Shaping the next generation of pathology AI models

PathoROB has already begun to reshape how pathology AI is built and compared. Aignostics' next-generation foundation model Atlas 2, released in January 2026 in collaboration with Mayo Clinic, was explicitly positioned to address the performance–robustness trade-offs that PathoROB exposed and uses the benchmark to demonstrate state-of-the-art robustness alongside prediction accuracy. Furthermore, the community is adopting PathoROB as a standard yardstick for foundation model robustness: new open-weight models such as GenBio-PathFM report PathoROB scores alongside accuracy, and platforms such as Waiv's Histoboard feature PathoROB among the benchmarks that researchers and clinicians can use to compare pathology AI models head-to-head.
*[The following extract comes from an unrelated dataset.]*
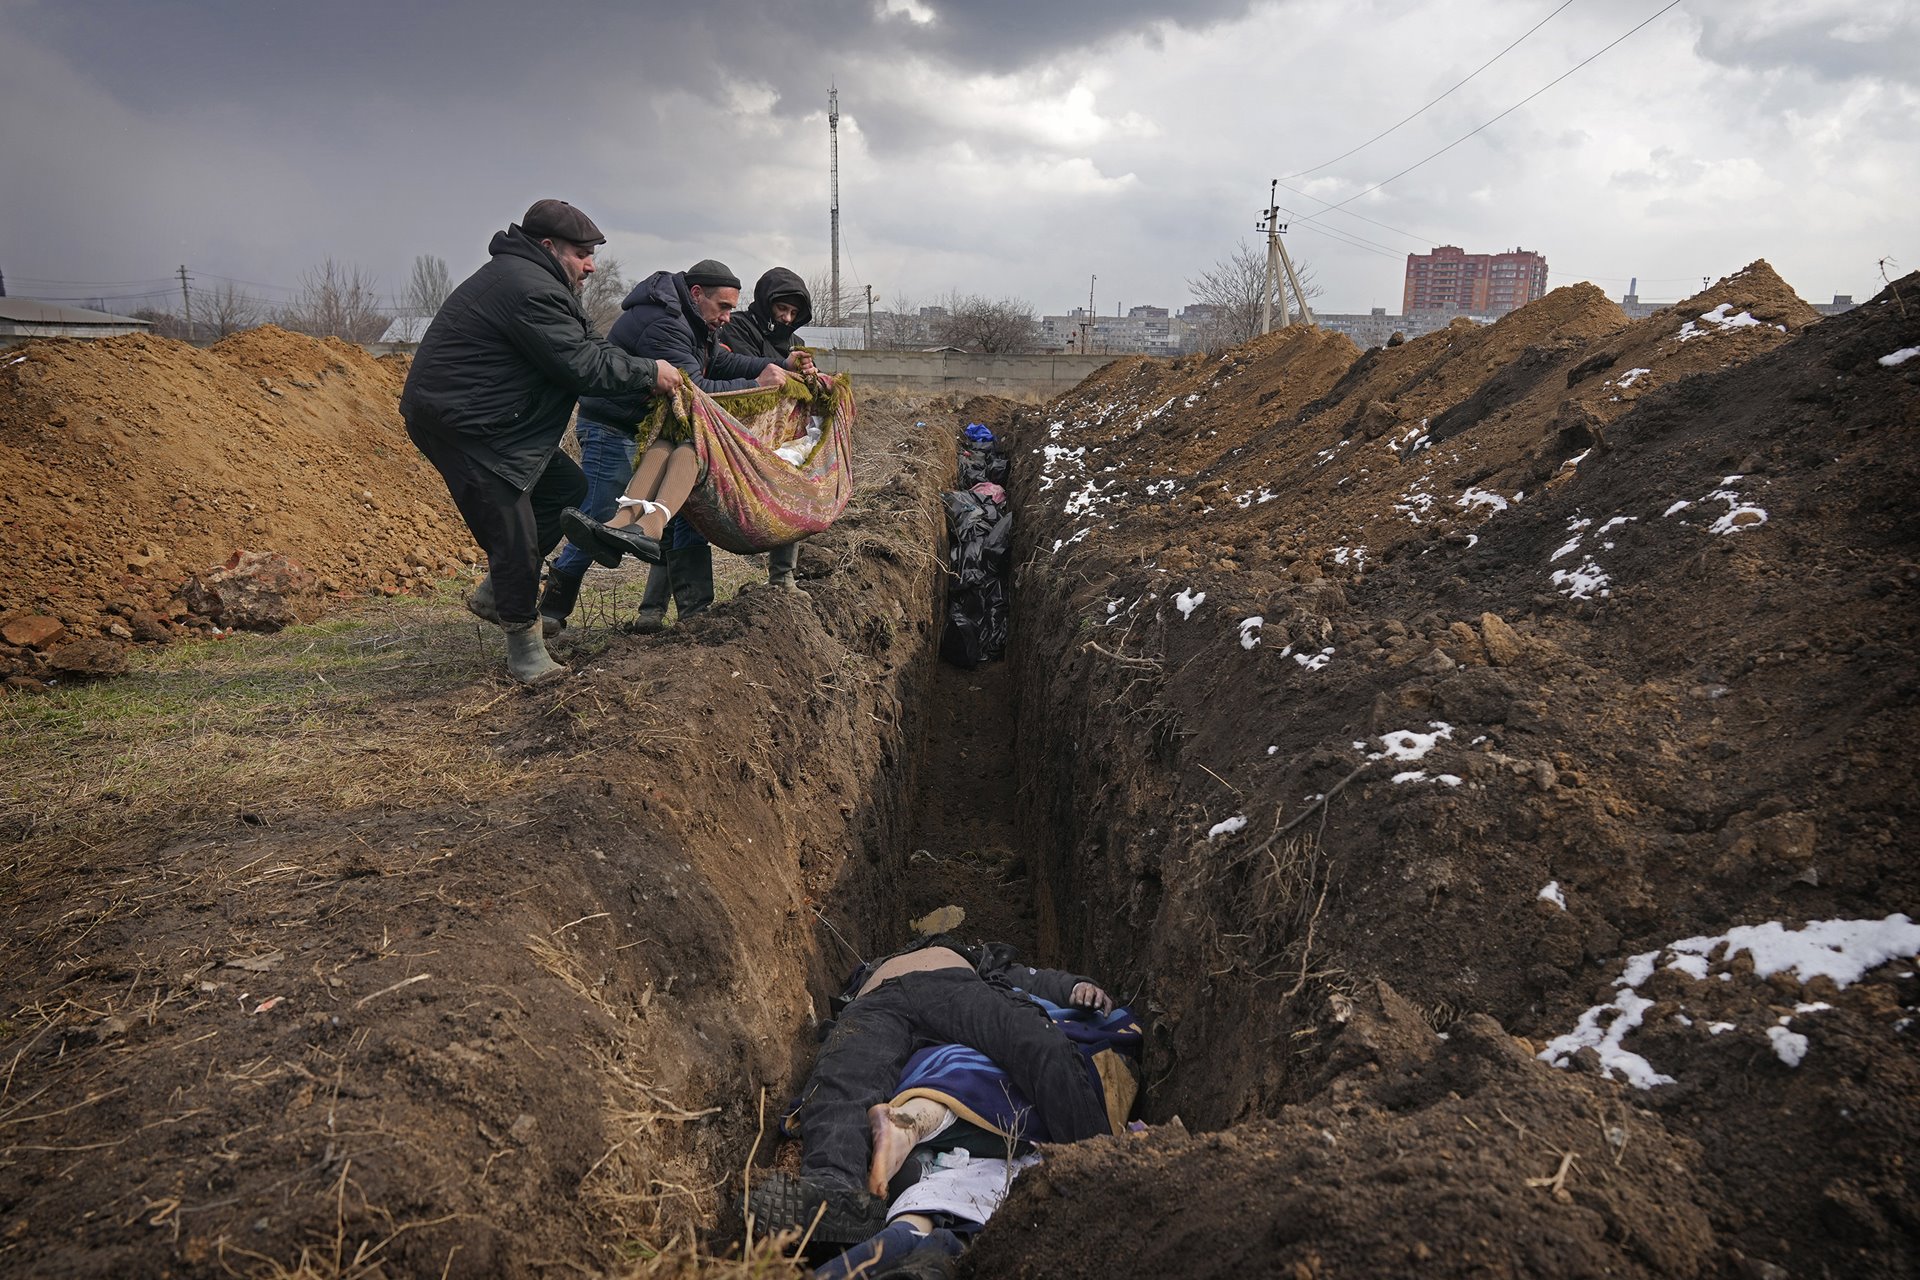 <p>People place dead bodies in a mass grave in an old cemetery in Mariupol. According to the BBC, on some days during periods of heavy Russian shelling, up to 150 people a day were buried in mass graves.</p>

By making the benchmark, datasets, and code openly available, the authors hope to establish robustness evaluation as a routine step in validating any biomedical foundation model before it is used to inform patient decisions in the clinic.

Publication

Towards robust foundation models for digital pathology. Jonah Kömen, Edwin D. de Jong, Julius Hense, Hannah Marienwald, Jonas Dippel, Philip Naumann, Eric Marcus, Lukas Ruff, Maximilian Alber, Jonas Teuwen, Frederick Klauschen, Klaus-Robert Müller. 11 June 2026.
Nature Communications publication
Code and benchmark
Datasets

Figure PathoROB benchmark and foundation model representation space exploration: a We subsampled balanced multi-center datasets to compare biological class and technical/medical center information, extracted features from 20 pathology foundation models (FMs), and analyzed the resulting representations from different perspectives. b The PathoROB benchmark consists of four datasets from three public sources, together with three metrics to quantify FM robustness and its consequences. Each dataset matrix element depicts the number of patches per combination of biological class and medical center. For TCGA 2 × 2, we extracted 94 unique class-class-center-center quartets. c t-SNE plot of the representation spaces of Phikon-v2 and Virchow2 from a subset of the Camelyon tumor detection dataset (other FMs in Supplementary Note 6.1). The representation space of Phikon-v2 is organized by medical center (RUMC/UMCU), showing that at the highest level, the model distinguishes images based on the medical center. Virchow2's representation space is primarily split by biological information (normal/tumor), with a secondary organization by medical center. d Accuracy of predicting medical center vs. biological class from the feature vectors via linear probing. We report mean prediction accuracies with 95% confidence intervals on held-out test sets from three datasets (Camelyon, TCGA 4 × 4, Tolkach ESCA) with 20 repetitions each (n = 60), corrected to remove common variance due to dataset (Masson & Loftus⁹³). Across all FMs, the medical center origin of most patches could be recovered from the FM representations. Source data are provided as a Source Data file.